Considerando se tratar de um procedimento diverso da consulta presencial, o médico deve informar ao paciente sobre todas as limitações deste tipo de atendimento (como a impossibilidade de realizar o exame físico) e outras limitações que podem ocorrer durante o teleatendimento, como condições apresentadas pelo paciente tornando necessário   que   o procedimento por telemedicina seja complementado por consulta presencial, exames complementares e encaminhamento para outros especialistas e/ou atendimento hospitalar. Todas as normas éticas de publicidade e atendimento médico durante a atenção ao paciente, o adequado registro em prontuário e o devido cuidado relativo ao sigilo médico são mandatórias também nas situações de telemedicina.

Atenciosamente,

Comissão de Ética e Defesa Profissional – SBEM-Nacional (2019-2020)
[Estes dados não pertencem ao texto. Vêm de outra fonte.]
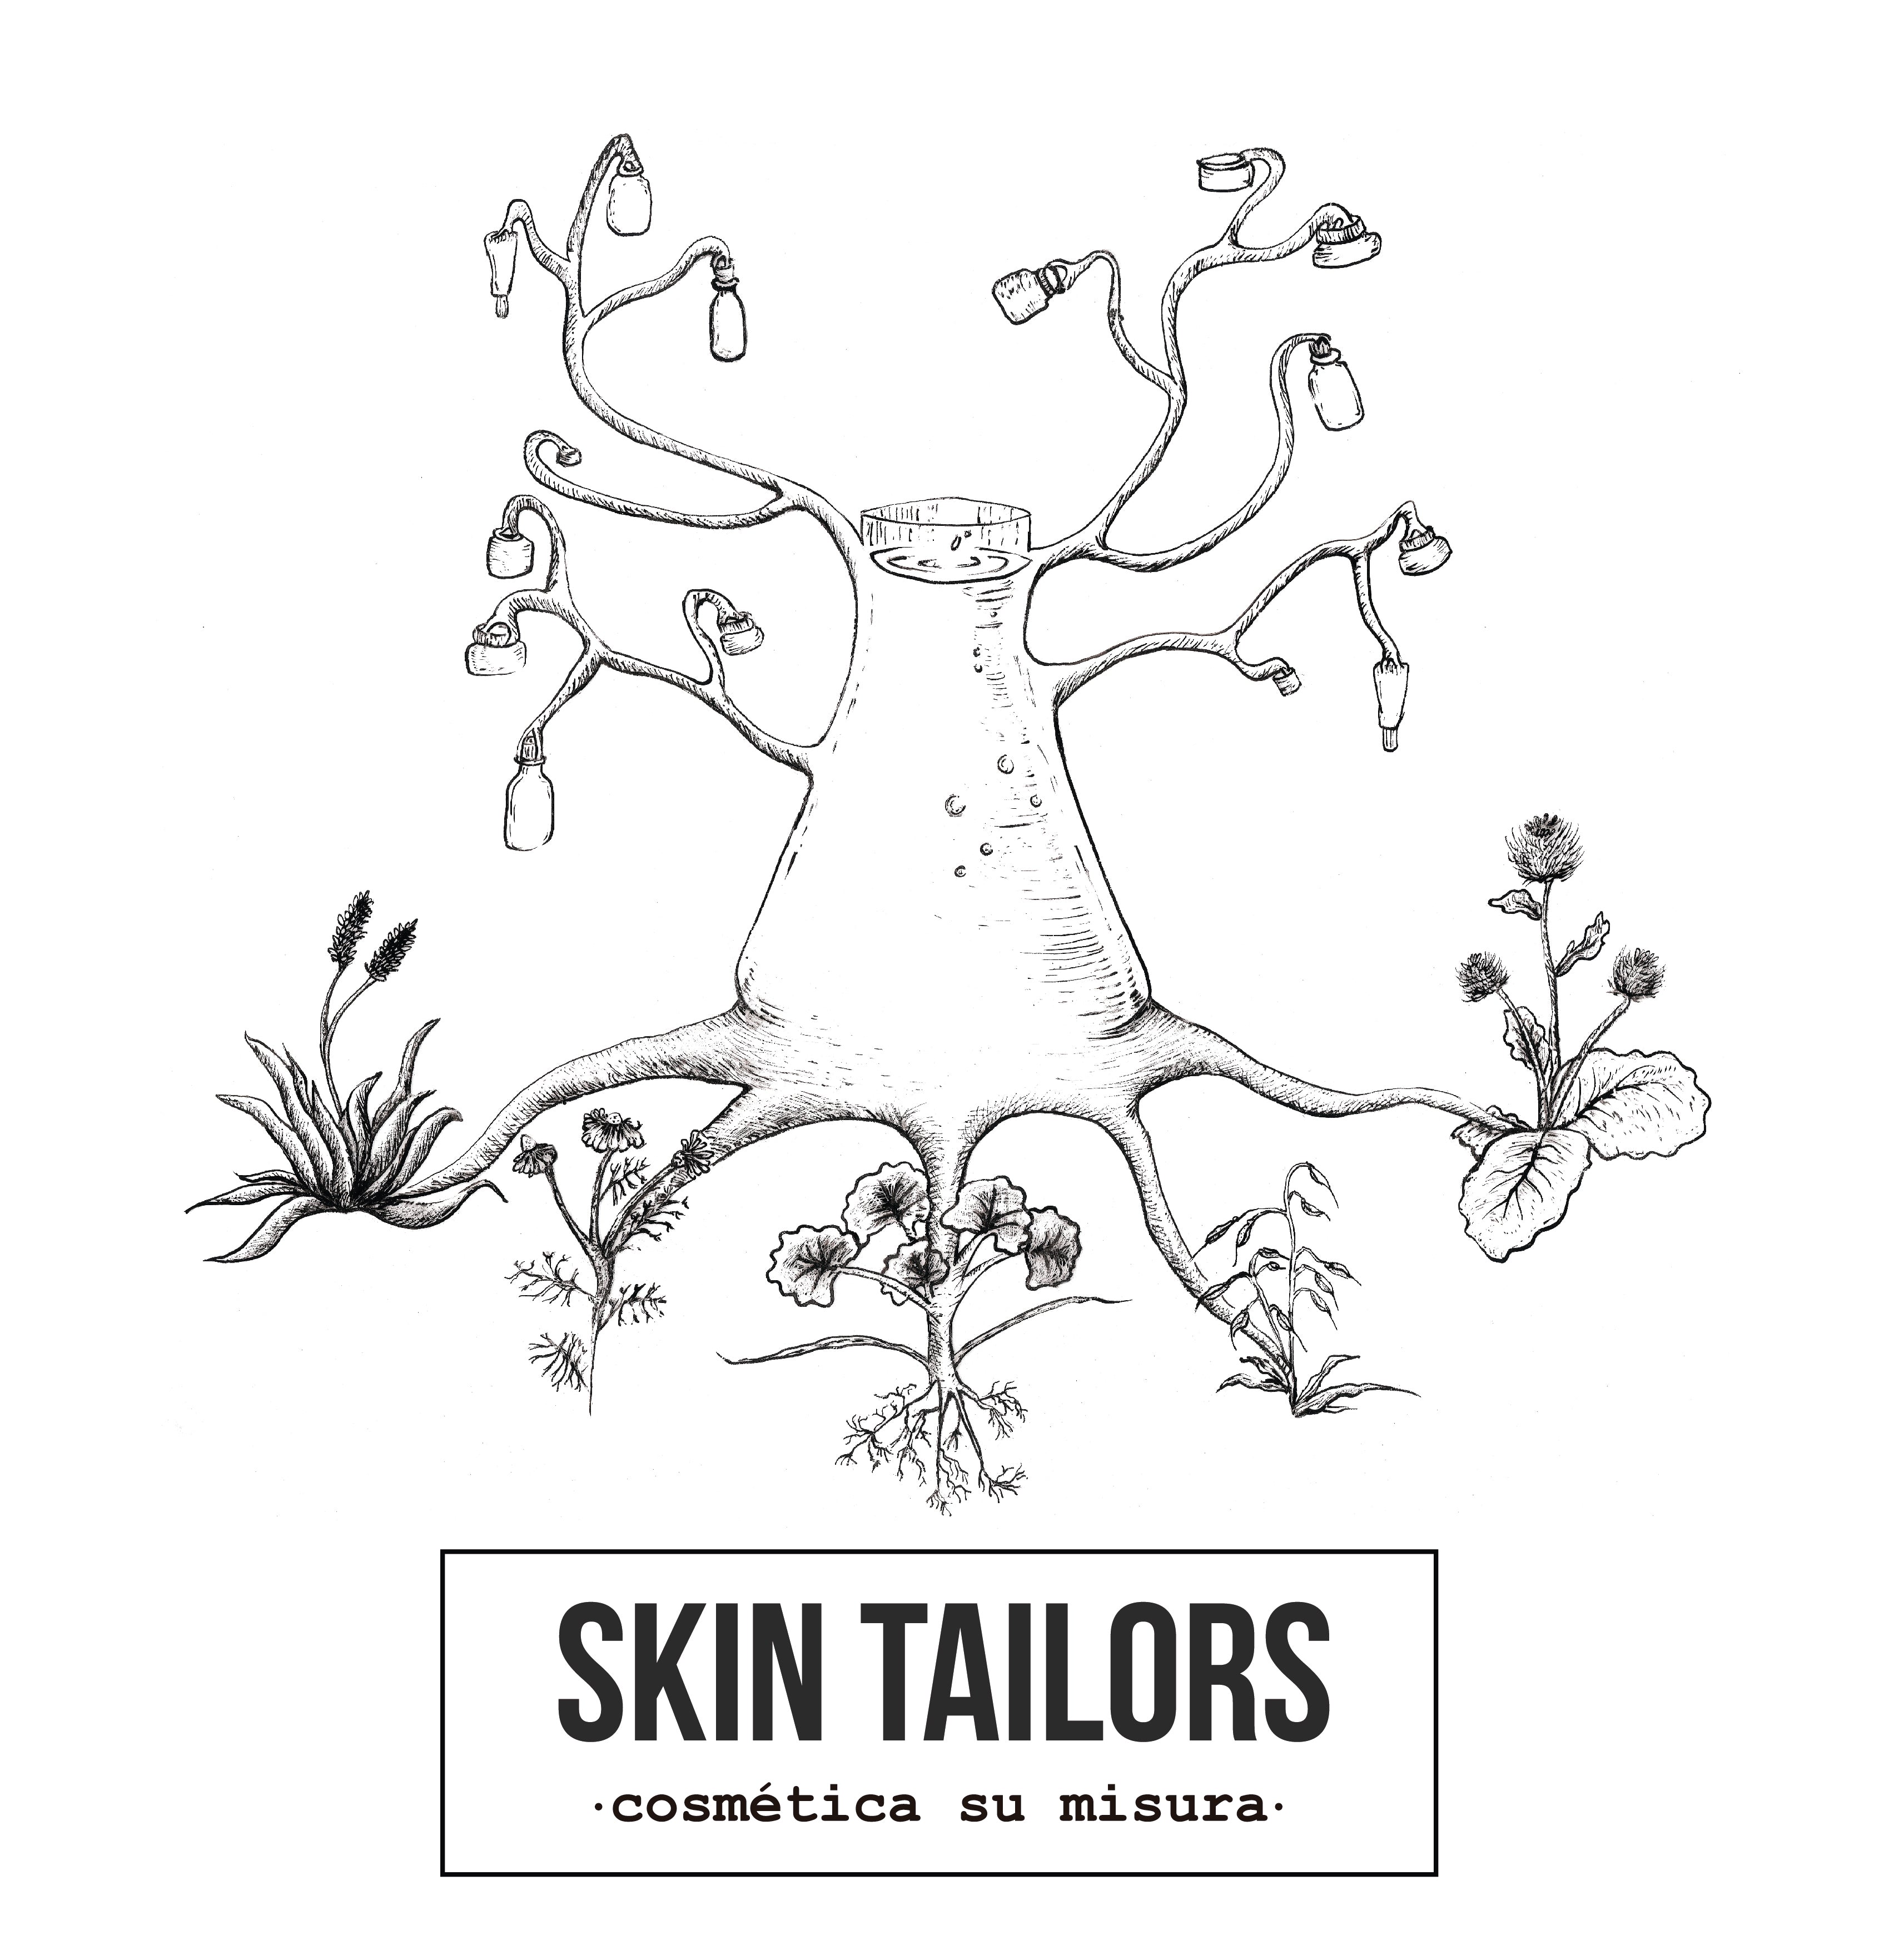 Skin Tailors arbol con symboles

Dra. Maite Trojaner Saloña Chimeno - Corregedora
Dr. Itairan da Silva Terres - Vice-Corregedor
Dra. Diana Viegas Martins - 1° vogal
Dr. João Modesto Filho - 2° Vogal  
Dr. Luis Henrique Santos Canani - 3° Vogal
Dr. Márcio Weissheimer Lauria - 4° Vogal
Dra. Cristina Bardou Pizarro - 5° Vogal

Lei Nº 13.980

No dia 15 de abril foi sancionada uma Lei sobre o uso da telemedicina, que irá vigorar durante o período de crise, em decorrência do novo Coronavírus (Covide-19). O item que aparece vetado está relacionado ao envio de receituário via Whatsapp.

Conteúdo da Lei

Faço saber que o Congresso Nacional decreta e eu sanciono a seguinte Lei:

Art. 1º Esta Lei autoriza o uso da telemedicina enquanto durar a crise ocasionada pelo coronavírus (SARS-CoV-2).

Art. 2º Durante a crise ocasionada pelo coronavírus (SARS-CoV-2), fica autorizado, em caráter emergencial, o uso da telemedicina.

Parágrafo único. (VETADO).

Art. 3º Entende-se por telemedicina, entre outros, o exercício da medicina mediado por tecnologias para fins de assistência, pesquisa, prevenção de doenças e lesões e promoção de saúde.

Art. 4º O médico deverá informar ao paciente todas as limitações inerentes ao uso da telemedicina, tendo em vista a impossibilidade de realização de exame físico durante a consulta.

Art. 5ºA prestação de serviço de telemedicina seguirá os padrões normativos e éticos usuais do atendimento presencial, inclusive em relação à contraprestação financeira pelo serviço prestado, não cabendo ao poder público custear ou pagar por tais atividades quando não for exclusivamente serviço prestado ao Sistema Único de Saúde (SUS).

Art. 6º (VETADO).

Art. 7º Esta Lei entra em vigor na data de sua publicação.